Pace Prints is pleased to present Titans of the ’80s, a group exhibition of prints and monoprints by George Condo, David Salle, and Julian Schnabel at 521 West 26th, 3rd floor. The exhibition will focus on this group of artists who came to international prominence in the 1980s by highlighting prints they created between 1985 and 2019. Titans of the ’80s will be on view June 3–July 2, 2021.
In the decade that brought us the rise of MTV, acid-washed jeans, and Reaganomics, these three artists became the appointed masters of the Neo-expressionist movement. These artists and their peers, mixing abstraction and figuration, subverted the glossy look of ’60s Pop and steamrolled the quiet Minimal and Conceptual movements of the 1970s.
George Condo, a painter who has grown in acclaim steadily since the 1980s, began his association with Pace Prints over 30 years ago. Nearly all of the projects by the artist in our exhibition are the result of a collaboration with the esteemed master printer Aldo Crommelynck. These etchings, specifically the set of seven Untitled works from 1989, are finely detailed portraits that refer to art historical subjects and exhibit Condo’s brilliance with expressionist form. Color and whimsy are introduced in the absurdist etching Clown. Invocations of Miles, a screenprint from 2000, highlights a period from later in Condo’s career in which a field of figures were woven together from broken, nearly abstract forms.
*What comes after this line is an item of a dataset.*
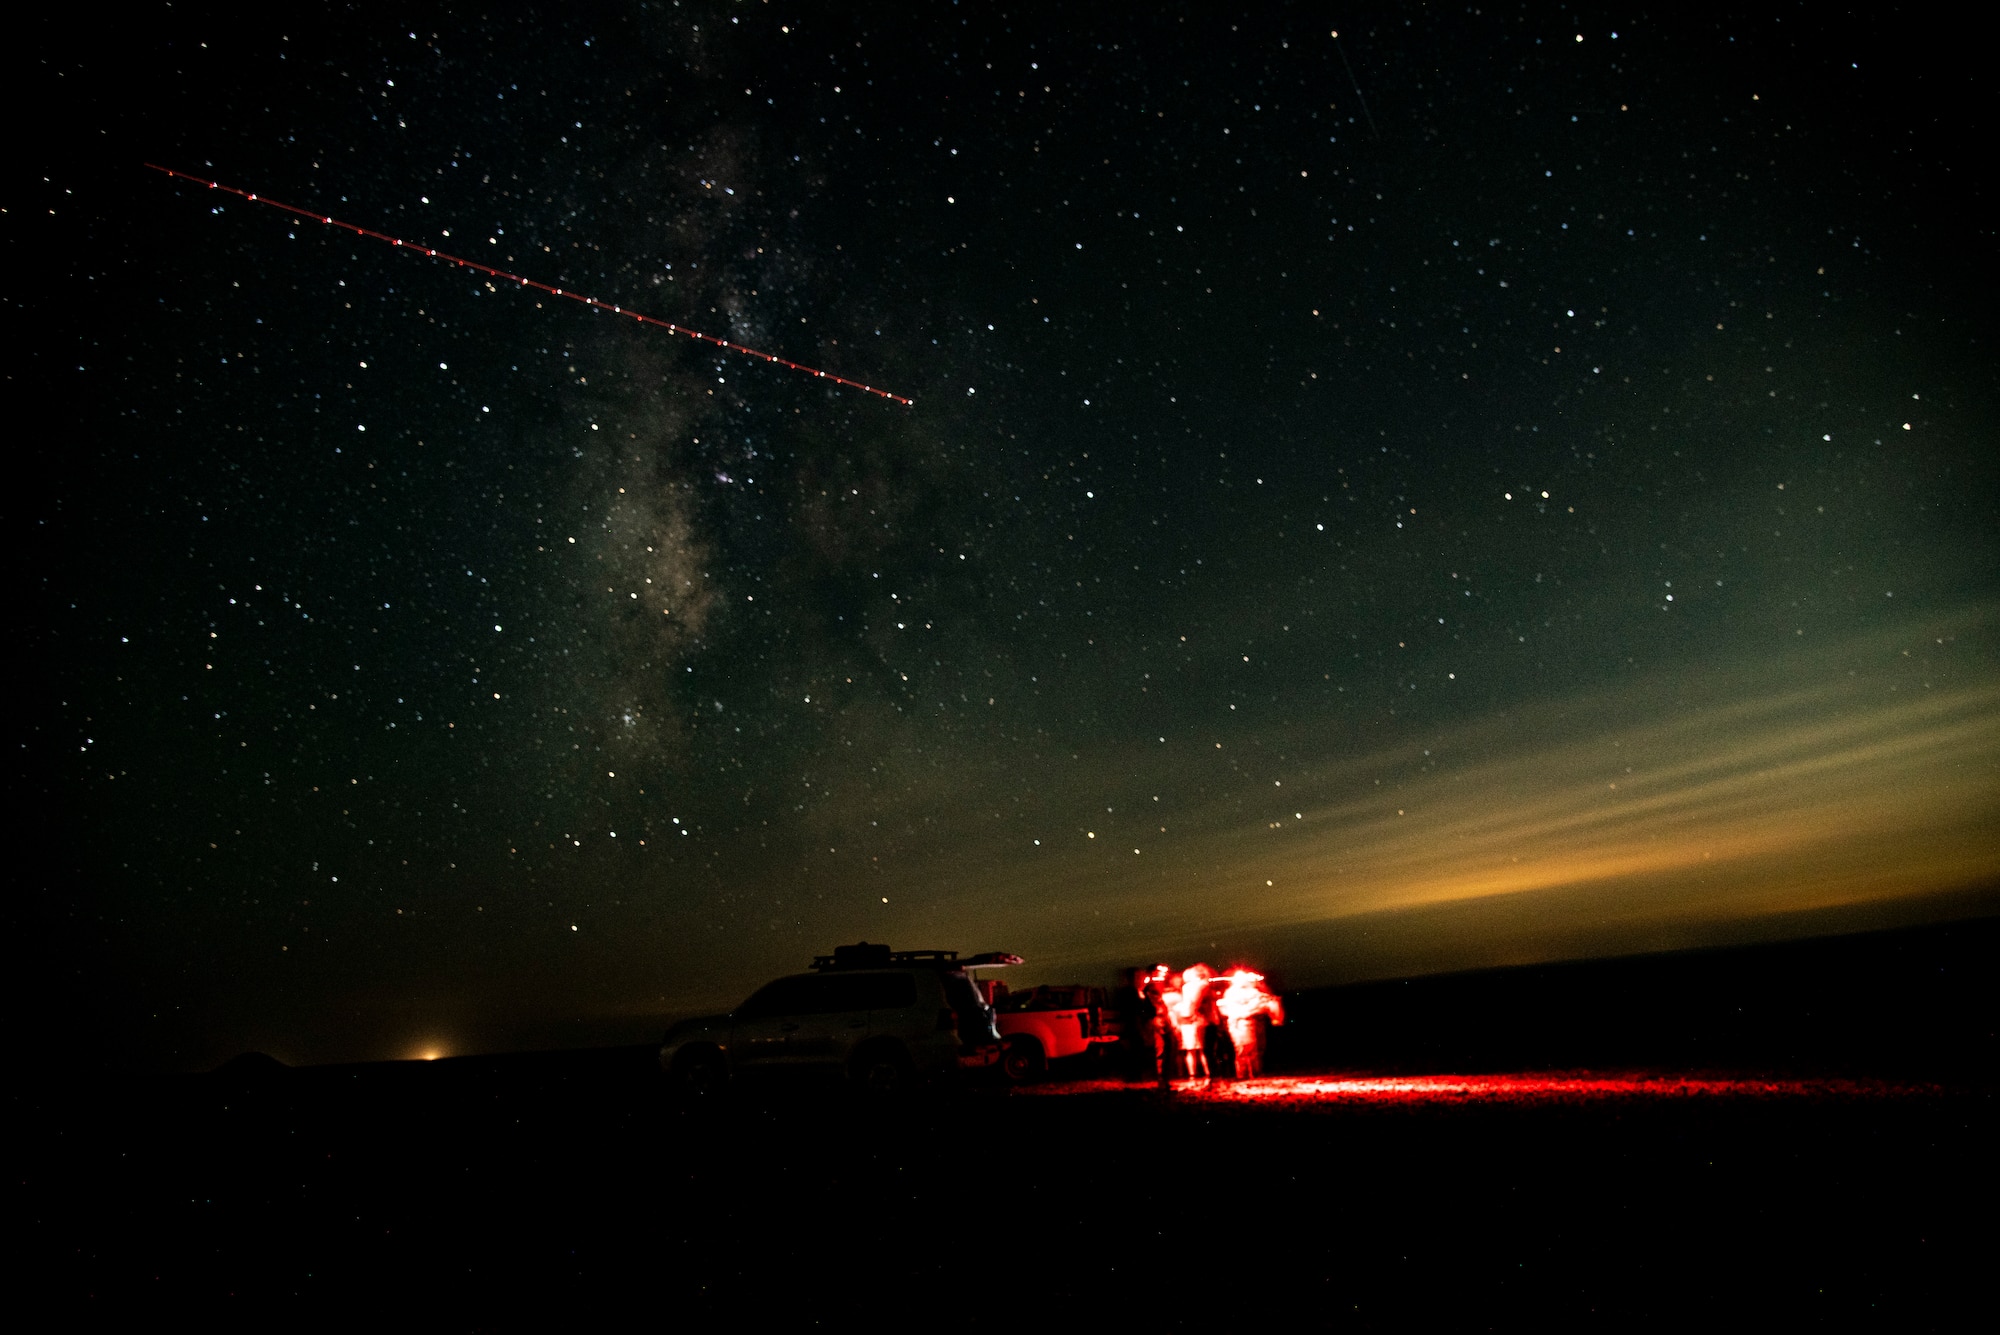 U.S. Air Force Tactical Air Control Party specialists with Combined Special Operations Task Force - Levant and the 335th Expeditionary Fighter Squadron along with Joint Forward Observers with the Army and Naval Special Warfare conduct AC-130 and Fighter Integration at an undisclosed location in Southwest Asia, August 19th, 2022. Long exposure photos. (U.S. Air Force photo by: Tech. Sgt. Jim Bentley)

David Salle remains a vital voice in contemporary art, as both writer and painter. The most recent project in this group is a series of monoprints created by Salle. Over the course of several months in 2019, the artist collaborated with Pace Editions’ master printmakers on a series of unique monotypes, a process that mirrors the act of painting by allowing the artist to apply inks directly to a plate before the image is transferred to paper in the press. To Salle, creating monotypes was immediate and intuitive: painting freehand onto plates, the artist worked as though he was in his own studio, with the added tools and inherent layering capabilities of the printmaking medium. The resulting works are a series of portraits, multilayered with floral imagery and patterns.
Julian Schnabel is a multidisciplinary artist who earned as many accolades for his visual art as he has for his for his films. In 1985, Schnabel envisioned several large-scale aquatint etchings on found maps. Prison Rodeo and A Boy from Naples are bold portraits that emerge from an overwhelmingly dark field in silhouette. In 1990, a group of 3 works Gothic Run Riot, Jean’s First Trip to Versailles and Billy’s First Portrait of God by Schnabel were created using multiple print techniques. Converting photographs with photolithography and then layering etching, woodcut and screenprint processes, the artist created the same boisterous, image and text-filled plane as his works on canvas.